WHAT YOU SHOULD DO:
A word-for-word copy of the records below is required.

MATERIAL TO PROCESS:
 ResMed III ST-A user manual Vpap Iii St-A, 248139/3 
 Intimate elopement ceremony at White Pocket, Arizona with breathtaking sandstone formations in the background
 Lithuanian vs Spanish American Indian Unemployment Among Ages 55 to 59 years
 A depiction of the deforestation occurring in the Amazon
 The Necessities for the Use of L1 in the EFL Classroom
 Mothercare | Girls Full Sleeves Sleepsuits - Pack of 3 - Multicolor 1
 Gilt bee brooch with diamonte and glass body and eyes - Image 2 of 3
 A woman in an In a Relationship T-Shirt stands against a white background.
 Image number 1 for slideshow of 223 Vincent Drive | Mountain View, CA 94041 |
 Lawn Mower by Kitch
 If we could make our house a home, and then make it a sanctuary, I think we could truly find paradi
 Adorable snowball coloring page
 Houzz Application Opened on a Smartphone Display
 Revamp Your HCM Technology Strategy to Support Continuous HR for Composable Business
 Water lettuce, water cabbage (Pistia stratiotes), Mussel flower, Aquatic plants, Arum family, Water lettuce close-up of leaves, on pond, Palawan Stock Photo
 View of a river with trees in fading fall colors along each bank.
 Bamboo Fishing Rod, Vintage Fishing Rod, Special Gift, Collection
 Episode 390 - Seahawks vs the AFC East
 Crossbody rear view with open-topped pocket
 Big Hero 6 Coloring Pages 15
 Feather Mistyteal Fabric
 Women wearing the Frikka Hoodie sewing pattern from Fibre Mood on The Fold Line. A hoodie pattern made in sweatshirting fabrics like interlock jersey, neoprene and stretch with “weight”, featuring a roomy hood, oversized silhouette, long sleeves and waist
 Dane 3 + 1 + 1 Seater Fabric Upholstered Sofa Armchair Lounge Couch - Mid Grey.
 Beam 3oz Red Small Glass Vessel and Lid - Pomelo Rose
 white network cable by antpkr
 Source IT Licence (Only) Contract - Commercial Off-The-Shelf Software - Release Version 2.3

SOLUTION TO THIS EXERCISE:
 ResMed III ST-A user manual Vpap Iii St-A, 248139/3 
 Intimate elopement ceremony at White Pocket, Arizona with breathtaking sandstone formations in the background
 Lithuanian vs Spanish American Indian Unemployment Among Ages 55 to 59 years
 A depiction of the deforestation occurring in the Amazon
 The Necessities for the Use of L1 in the EFL Classroom
 Mothercare | Girls Full Sleeves Sleepsuits - Pack of 3 - Multicolor 1
 Gilt bee brooch with diamonte and glass body and eyes - Image 2 of 3
 A woman in an In a Relationship T-Shirt stands against a white background.
 Image number 1 for slideshow of 223 Vincent Drive | Mountain View, CA 94041 |
 Lawn Mower by Kitch
 If we could make our house a home, and then make it a sanctuary, I think we could truly find paradi
 Adorable snowball coloring page
 Houzz Application Opened on a Smartphone Display
 Revamp Your HCM Technology Strategy to Support Continuous HR for Composable Business
 Water lettuce, water cabbage (Pistia stratiotes), Mussel flower, Aquatic plants, Arum family, Water lettuce close-up of leaves, on pond, Palawan Stock Photo
 View of a river with trees in fading fall colors along each bank.
 Bamboo Fishing Rod, Vintage Fishing Rod, Special Gift, Collection
 Episode 390 - Seahawks vs the AFC East
 Crossbody rear view with open-topped pocket
 Big Hero 6 Coloring Pages 15
 Feather Mistyteal Fabric
 Women wearing the Frikka Hoodie sewing pattern from Fibre Mood on The Fold Line. A hoodie pattern made in sweatshirting fabrics like interlock jersey, neoprene and stretch with “weight”, featuring a roomy hood, oversized silhouette, long sleeves and waist
 Dane 3 + 1 + 1 Seater Fabric Upholstered Sofa Armchair Lounge Couch - Mid Grey.
 Beam 3oz Red Small Glass Vessel and Lid - Pomelo Rose
 white network cable by antpkr
 Source IT Licence (Only) Contract - Commercial Off-The-Shelf Software - Release Version 2.3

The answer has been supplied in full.